Dennis Rader remains in “special management” at El Dorado Correctional Facility, prison records show.

He has been held there since Aug. 19, 2005, according to Kansas Department of Corrections records. His “earliest possible release date” is listed as Feb. 26, 2180, long beyond a human lifetime.

He has received only one disciplinary report in those nine years, for a mail-related violation.

His latest prison mug shot, taken in early 2013, shows a man who looks noticeably older, with a deeply creased forehead and disheveled hair on both sides of the bald top of his head.


Her father is now 69, Rawson said. Her mother is 66, and retired.

Rawson said the FBI came to her door in Michigan in February 2005.
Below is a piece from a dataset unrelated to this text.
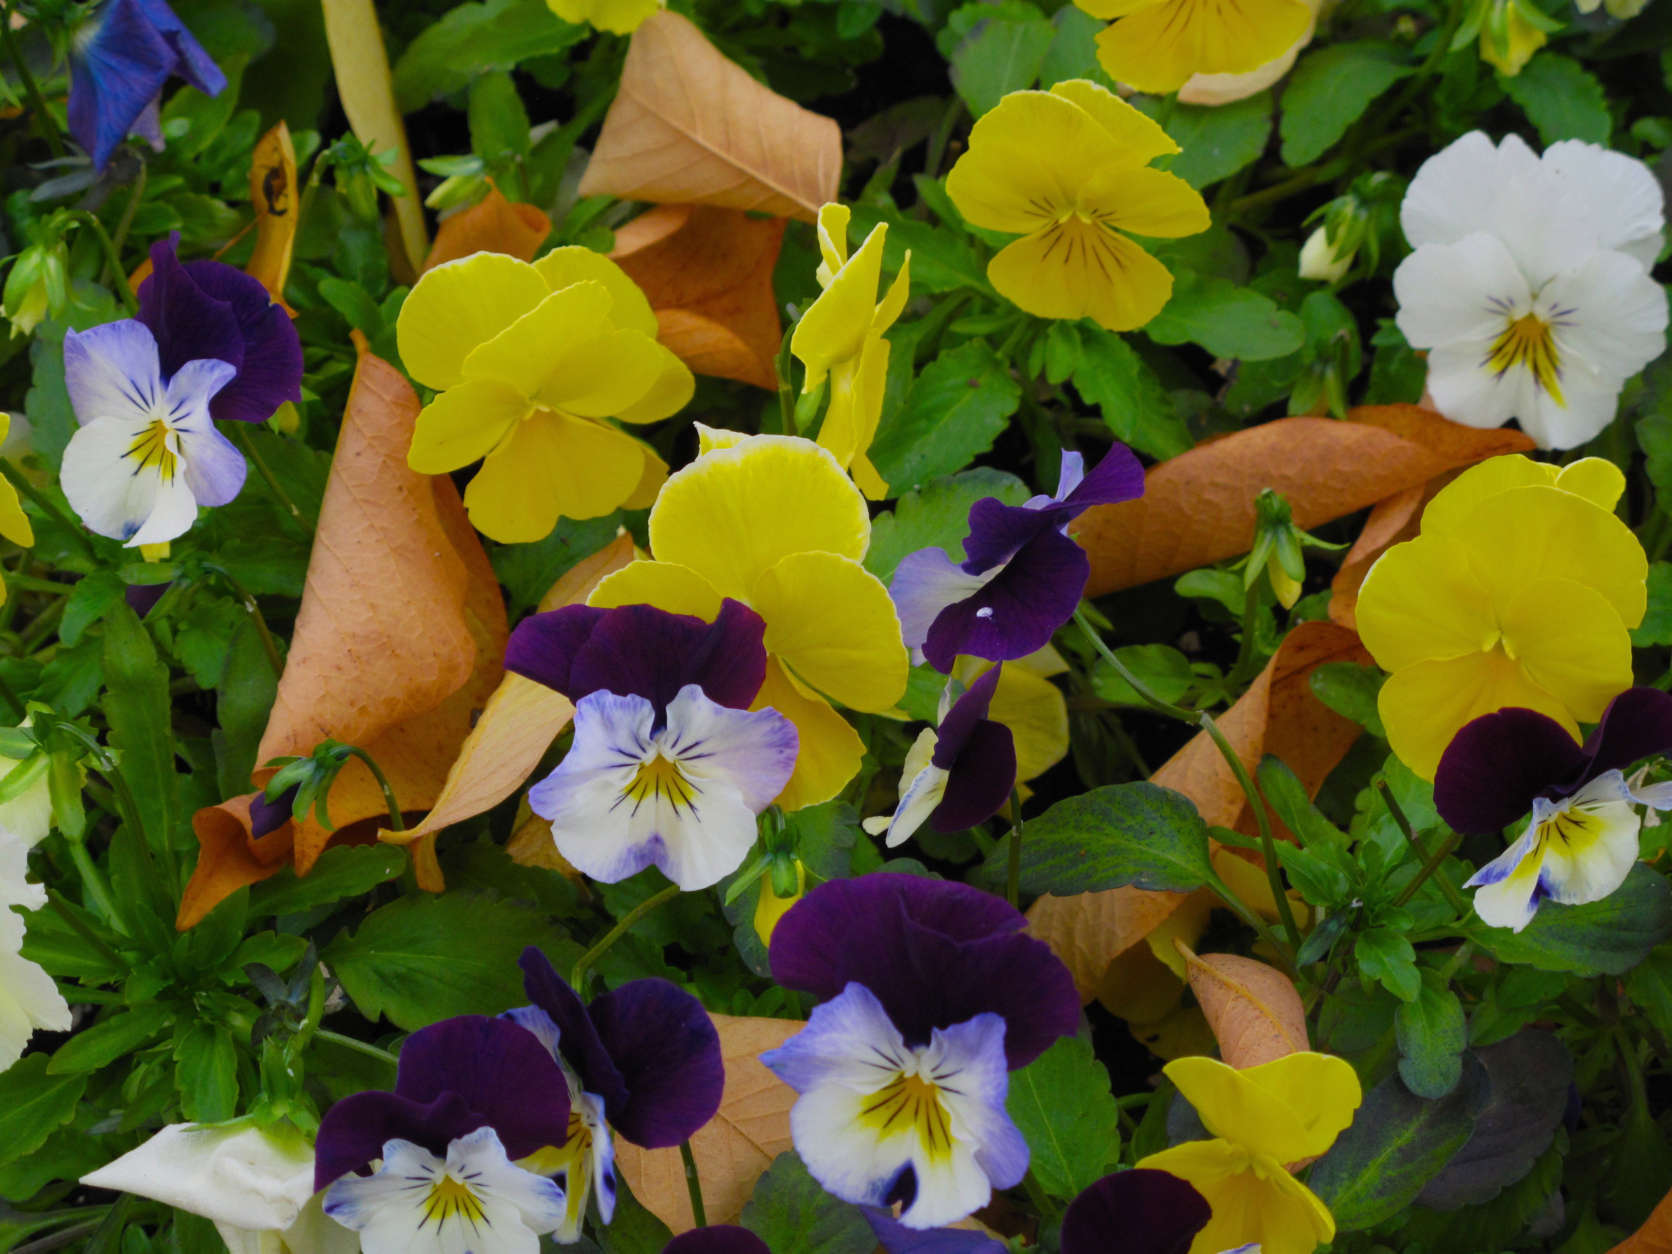 This Friday, Nov. 2, 2012, photo shows cool wave pansies that tolerate several light frosts and go dormant after a hard frost, in Langley, Wash. Their colors intensify in the cold and they bloom even in the snow, and recover in early spring. (AP Photo/Dean Fosdick)

“At first I tried to argue,” she said. “I get a knock on my door at noon (in Michigan). The FBI is telling me my dad is this other person. I didn’t believe it and tried to alibi my dad: ‘What dates are you talking about?’ ‘What time periods are we talking about here?’ I tried, but then quickly found out … there was no other way around it, it was true.

The media hounded her mother, her grandmother, the rest of her family in Wichita. They hounded her in Michigan, she said. They offered friends and relatives money to talk.

“It was awful,” she said. “I think my mother and I both suffer from some PTSD from what happened.”